I’m looking for the unexpected.
I’m looking for things I’ve never seen before.
Robert Mapplethorpe grew up on the outskirts of New York in a Catholic environment, with no ties to the art world. In 1963 he enrolled at the Pratt Institute of Art, in Brooklyn, where he studied drawing, painting and sculpture, and began to delve into the work of artists such as Joseph Cornell and Marcel Duchamp. In 1970 he acquired a Polaroid camera and started taking his first photographs, which he started incorporating to his collages. Progressively he abandoned collage to focus exclusively on photography, presenting in 1973 his first solo exhibition, Polaroids, at the Light Gallery, New York. During the following years Mapplethorpe intensely immersed himself in the hurricane of New York’s art scene, in a search to find his place, rapidly achieving an enormous social and cultural recognition.

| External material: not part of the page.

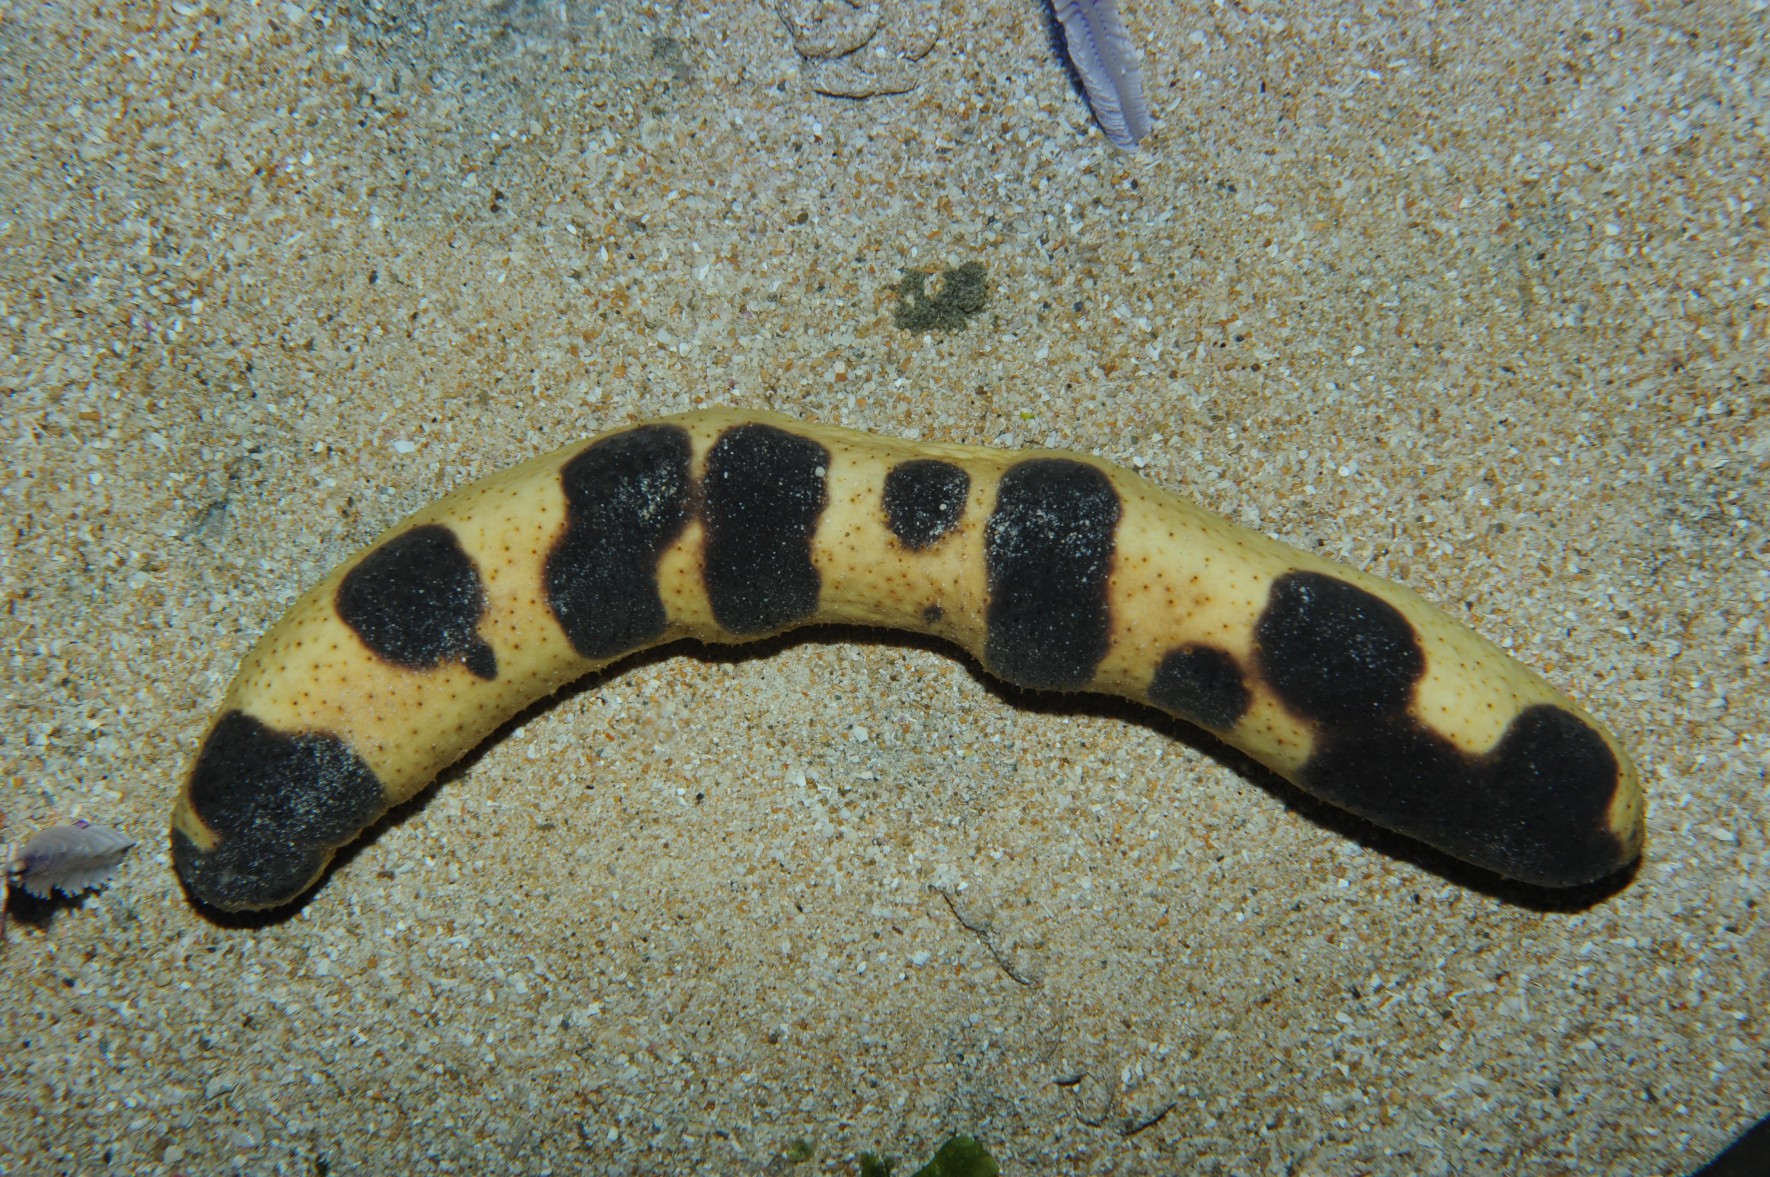 Sea cucumber species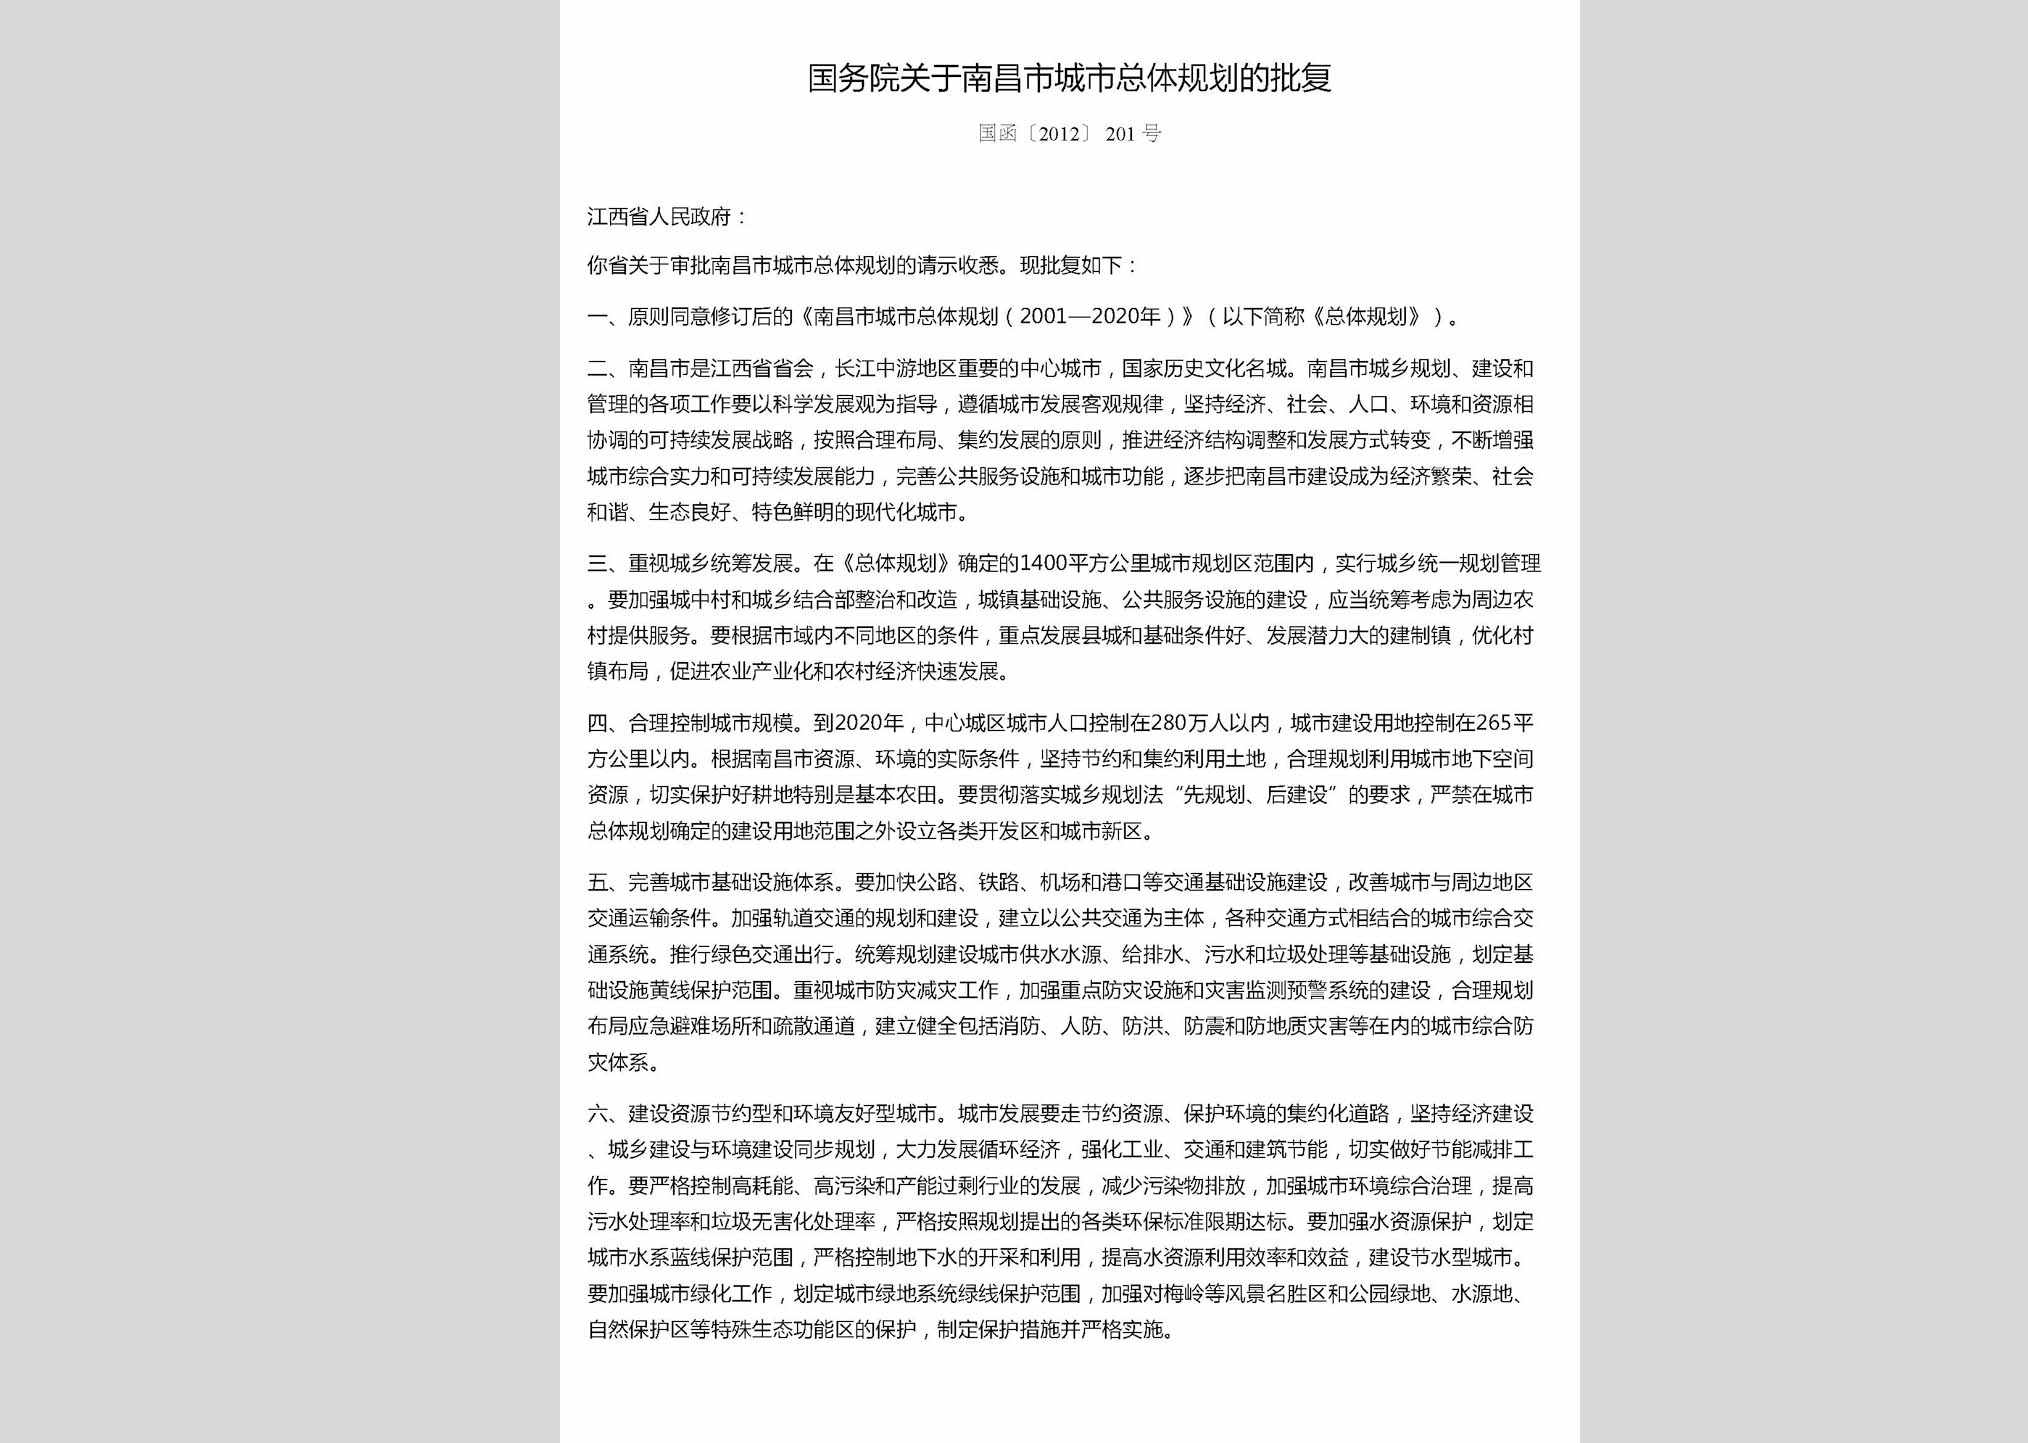 国函[2012]201号：国务院关于南昌市城市总体规划的批复

Mapplethorpe attended the Pratt Institute of Art at a time marked by artistic currents such as body art, minimal and conceptual art, which made use of photography detached from its formal or aesthetic side. In this context, Mapplethorpe rescued the formal emphasis that photography allows and incorporated it into his previous conceptual research. This process resulted in raw and direct images of sadomasochism combined with the most meticulous compositional direction, pure sexual acts with the most exact pictorial classicism, or a simple flower with the most exaggerated sensuality and eroticism. Mapplethorpe’s poetics demonstrated a total fusion between art and life, aesthetics and reality, in which his own life was placed at the centre.